These labels were automatically added by AI and may be inaccurate. For details, see About Literature Database.
Abstract
Recent studies have shown that deep neural networks (DNNs) are vulnerable to
adversarial attacks, including evasion and backdoor (poisoning) attacks. On the
defense side, there have been intensive efforts on improving both empirical and
provable robustness against evasion attacks; however, the provable robustness
against backdoor attacks still remains largely unexplored. In this paper, we
focus on certifying the machine learning model robustness against general
threat models, especially backdoor attacks. We first provide a unified
framework via randomized smoothing techniques and show how it can be
instantiated to certify the robustness against both evasion and backdoor
attacks. We then propose the first robust training process, RAB, to smooth the
trained model and certify its robustness against backdoor attacks. We prove the
robustness bound for machine learning models trained with RAB and prove that
our robustness bound is tight.
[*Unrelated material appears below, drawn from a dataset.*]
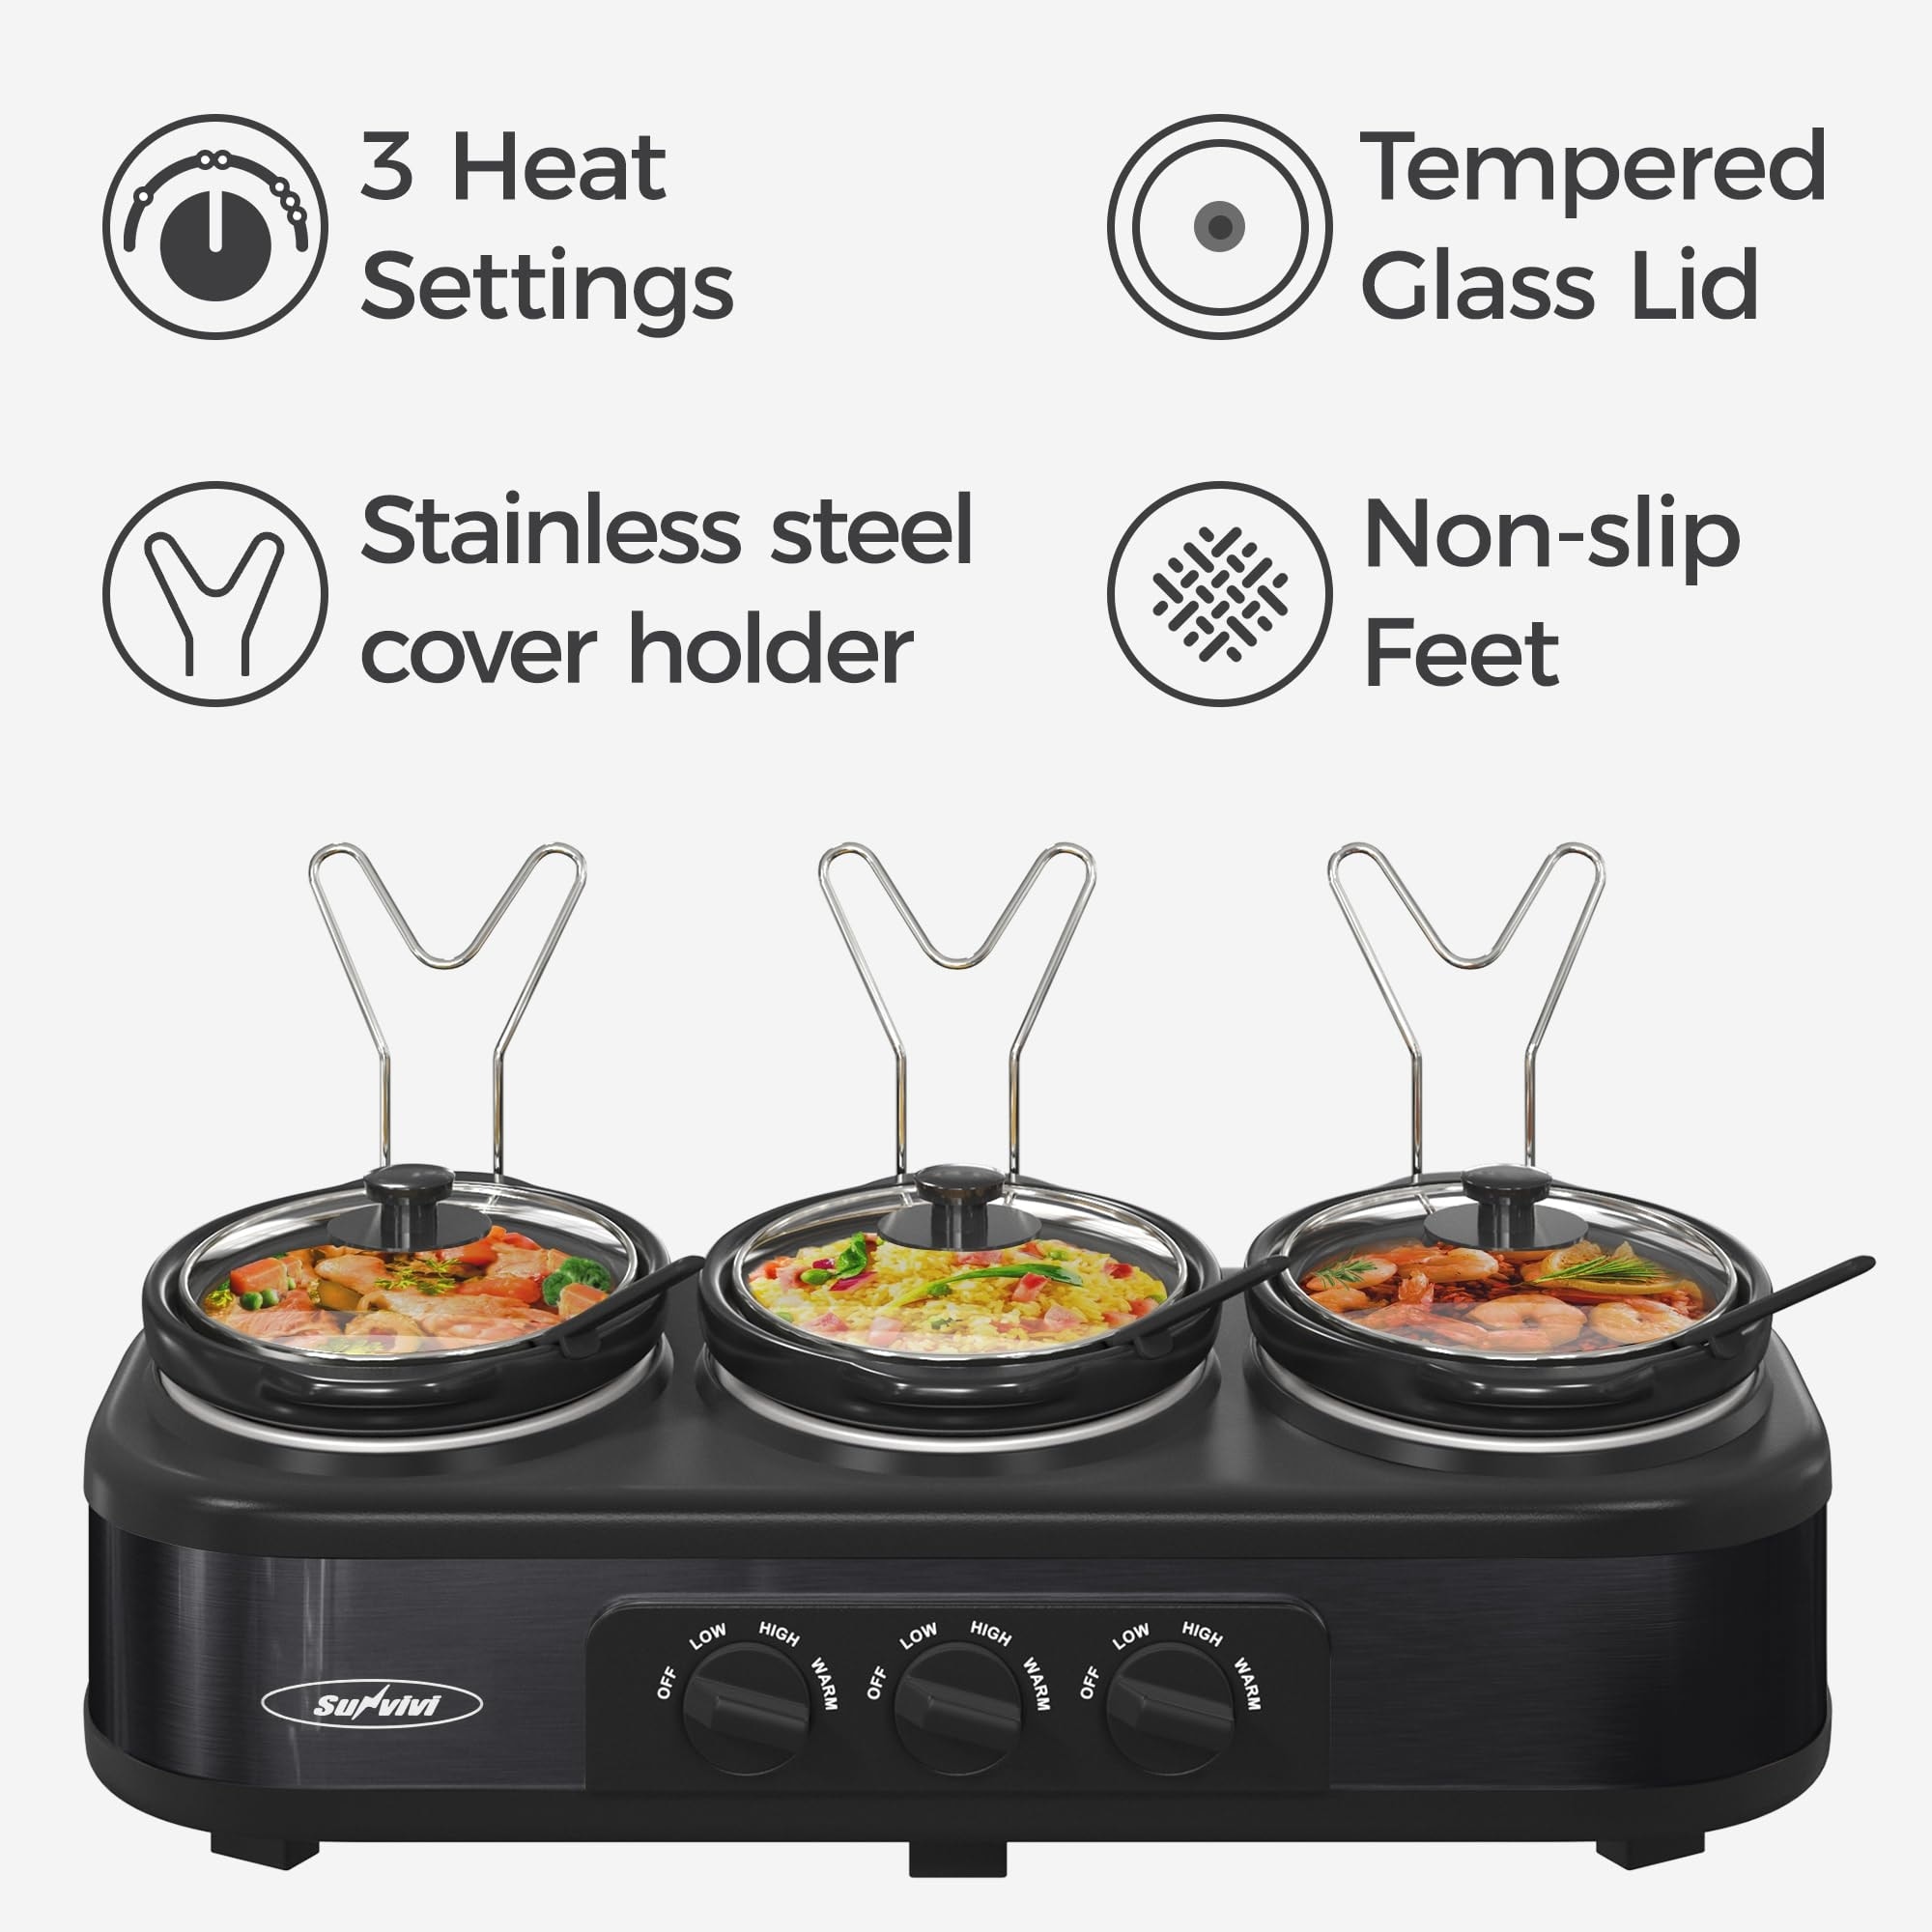 https://ak1.ostkcdn.com/images/products/is/images/direct/ced6970fa1958a26ef6a9a969c04a87f3cbe0bf5/Triple-Slow-Cooker-Buffet-Servers-and-Warmer%2C3-Pot-Food-Mini-Manual-Slow-Cooker-with-Adjustable-Temp%2C-Lid-Rests%2C-Ceramic-Pot.jpg

In addition, we theoretically show that it is
possible to train the robust smoothed models efficiently for simple models such
as K-nearest neighbor classifiers, and we propose an exact smooth-training
algorithm that eliminates the need to sample from a noise distribution for such
models. Empirically, we conduct comprehensive experiments for different machine
learning (ML) models such as DNNs, support vector machines, and K-NN models on
MNIST, CIFAR-10, and ImageNette datasets and provide the first benchmark for
certified robustness against backdoor attacks. In addition, we evaluate K-NN
models on a spambase tabular dataset to demonstrate the advantages of the
proposed exact algorithm. Both the theoretic analysis and the comprehensive
evaluation on diverse ML models and datasets shed light on further robust
learning strategies against general training time attacks.